In an interview promoting his recently published book about the World Bank Steve Berkman, a 16-year veteran of the Bank and former head of its anti-corruption department, asserts that the World Bank is corrupt. As one of his many pieces of evidence he cites the forced resignation or firing of Paul Wolfowitz as World Bank President in the spring of 2007 over allegations that Wolfowitz had improperly employed his girl friend and increased her salary in contravention of Bank policy. Berkman asserts that this was just a pretext to get rid of Wolfowitz who had held up the funding for several projects in India and other countries pending corruption investigations by the Bank.
Since Wolfowitz was a key architect of the United States' Iraq war and war on terrorism in his position as Deputy Secretary of Defense under Donald Rumsfeld there are no doubt any number of reasons why his tenure at the World Bank was opposed by the Bank's member countries and management. So while this makes great headlines for marketing Berkman's book the real story is the Bank itself and the numerous stories of corruption at the World Bank which Berkman discusses. This will come as no surprise to libertarians and Austrian economists who know all too well the sad legacy of the corrupting influence of government money and the squandering of capital whether in a rich or poor country. Government enterprises are inherently flawed since in addition to being morally wrong (they are redistributors of wealth forcibly taken from private taxpayers) they invest and provide funding for businesses and projects the private sector avoids which necessarily indicates these are bad businesses or projects for investment.
The World Bank was created July 1, 1944 as part of the agreements reached at Bretton Woods to provide for reconstruction and development of post-war Europe and Asia. The Bank now provides financial and technical assistance to developing countries in Africa, South America and Asia. The Bank provides low-interest loans, interest-free credit and grants to developing countries (primarily governments) for education, health, infrastructure, communications and other purposes while its affiliate, the International Finance Corporation (IFC), provides debt and equity capital to private sector businesses. The Bank is headquartered in Washington, D.C. with an international staff of over 10,000 employees deployed in offices around the world. The Bank is funded through the sale of bonds and from contributions by its 185 member countries. The Bank consists of the International Bank for Reconstruction and Development (IBRD) and the International Development Association (IDA). The IBRD focuses on middle income and creditworthy poor countries, while IDA focuses on the poorest countries in the world. Affiliated with the World Bank and making up what is referred to as the World Bank Group are the IFC, the Multilateral Investment Guarantee Agency (MIGA) and the International Centre for Settlement of Investment Disputes (ICSID).

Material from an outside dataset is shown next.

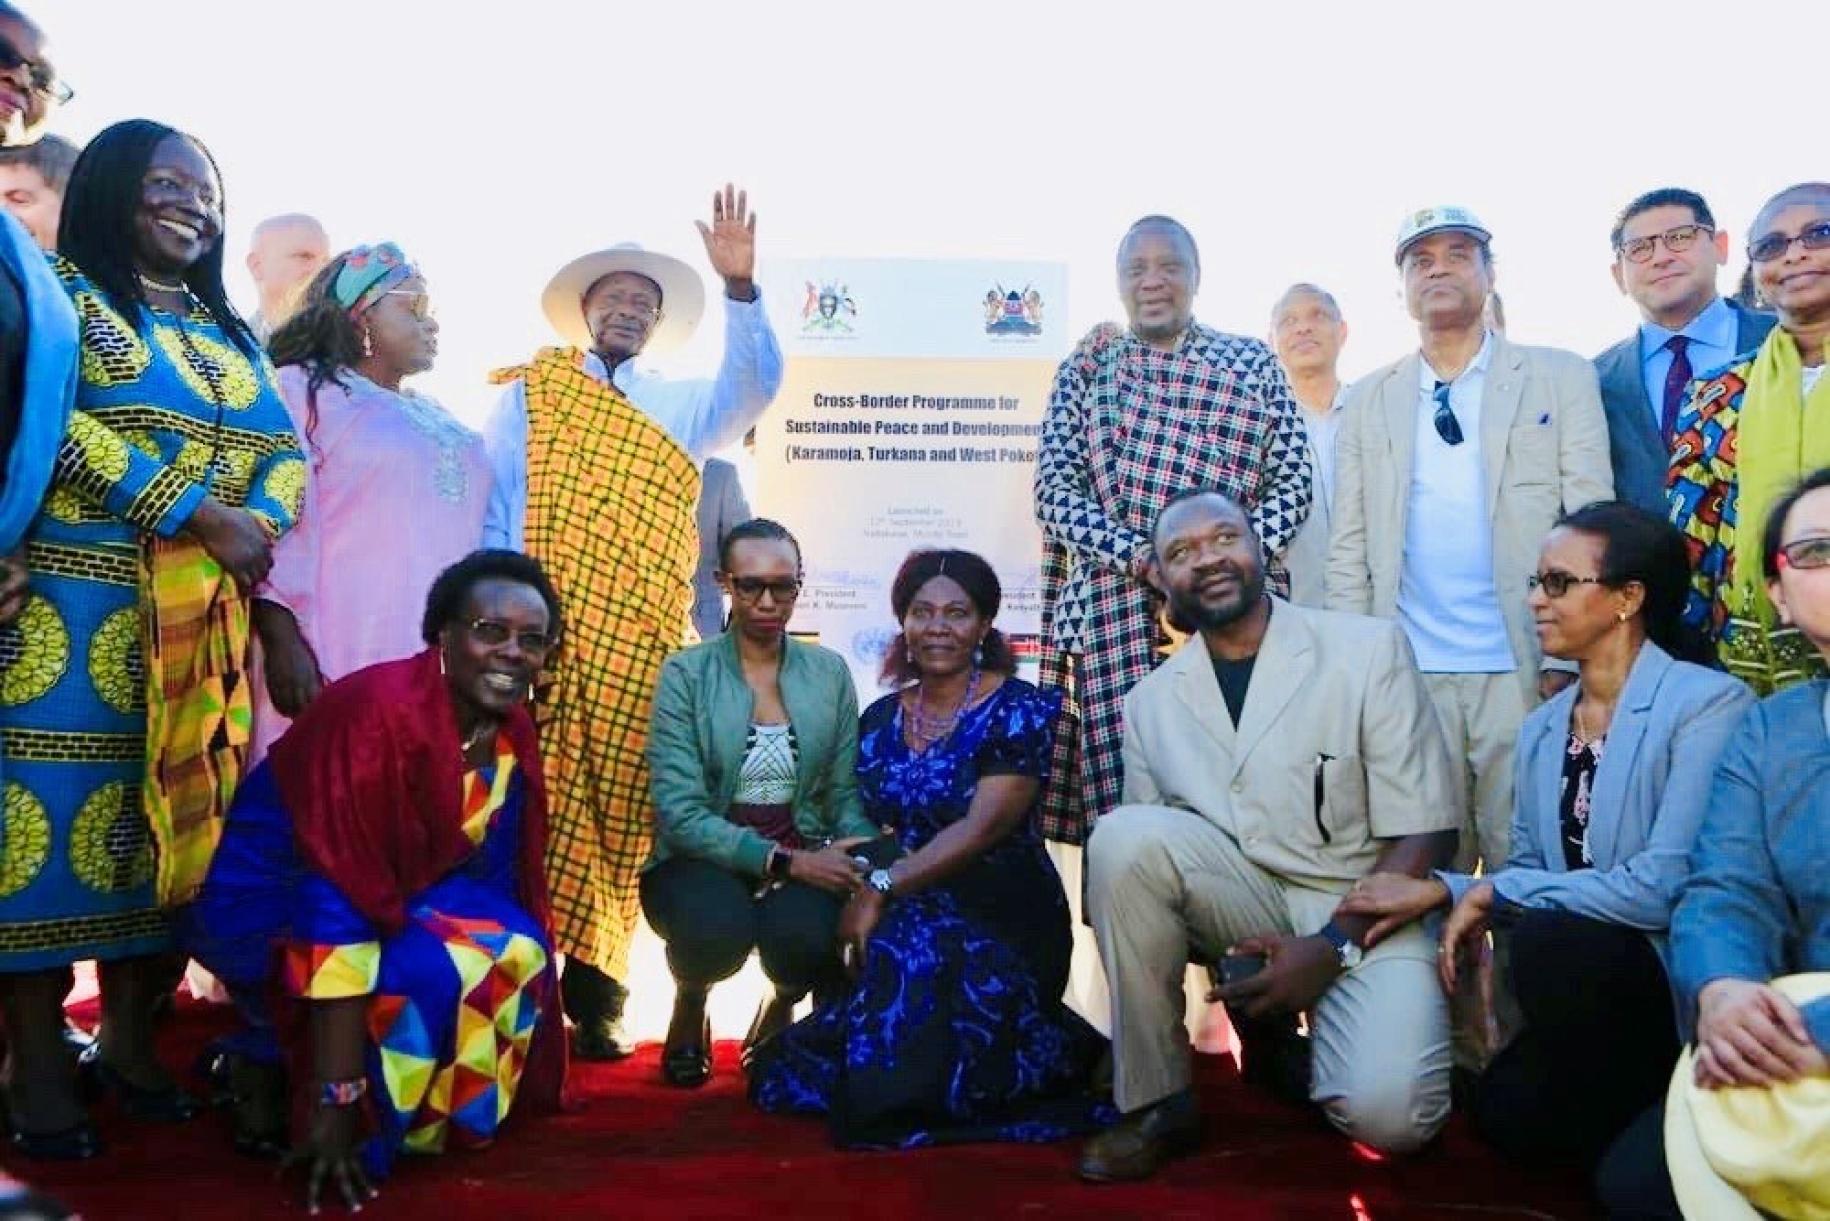 La foto muestra a los presidentes de Kenya y Uganda posando con jefes/as de agencias, fondos y programas y Coordinadores/as Residentes

The current President of the Bank as well as President of the IFC and the Bank's affiliates is Robert B. Zoellick who was elected by the Bank's Board of Governors July 1, 2007 following the resignation of Paul Wolfowitz. Before taking on these roles with the World Bank Group Zoellick was an investment banker with Goldman Sachs, worked in the US State Department, was the US Trade Representative, was an Executive Vice President of Fannie Mae and worked in the Treasury Department. He is also a member of the Council on Foreign Relations. Prior to Wolfowitz the President of the World Bank was an Australian, James D. Wolfensohm, an investment banker with Salomon Brothers, Schroeders (of London) and Darling & Co (Australia) as well as being a director of the Rockefeller Foundation, the Brookings Institute and also a member of the Council on Foreign Relations. From its earliest days most of the Presidents of the Bank have come out of the United States' banking community along with some senior political appointees. Murray Rothbard has described in some detail the relationship which exists between the commercial banking community and American foreign policy including the United States' participation in the World Bank.
In contrast to his predecessor and successor Wolfowitz is not an investment banker but is an academic and has been in the employ of the Pentagon during most of his government service which began in the early 1970s. The Bank needs projects to fund in order to create the rationale for issuance of its bonds which are sold through investment bankers thereby serving as the source of funding for its investment bankers and the many consultants, suppliers and contractors retained for its projects. Wolfowitz's hold on the funding of certain projects created a great deal of resentment within the Bank as well as those to be benefitted from the funding of these projects by the Bank. Thus, it is not surprising that such a controversial President would soon be pushed out by the bureaucrats and board members of the Bank.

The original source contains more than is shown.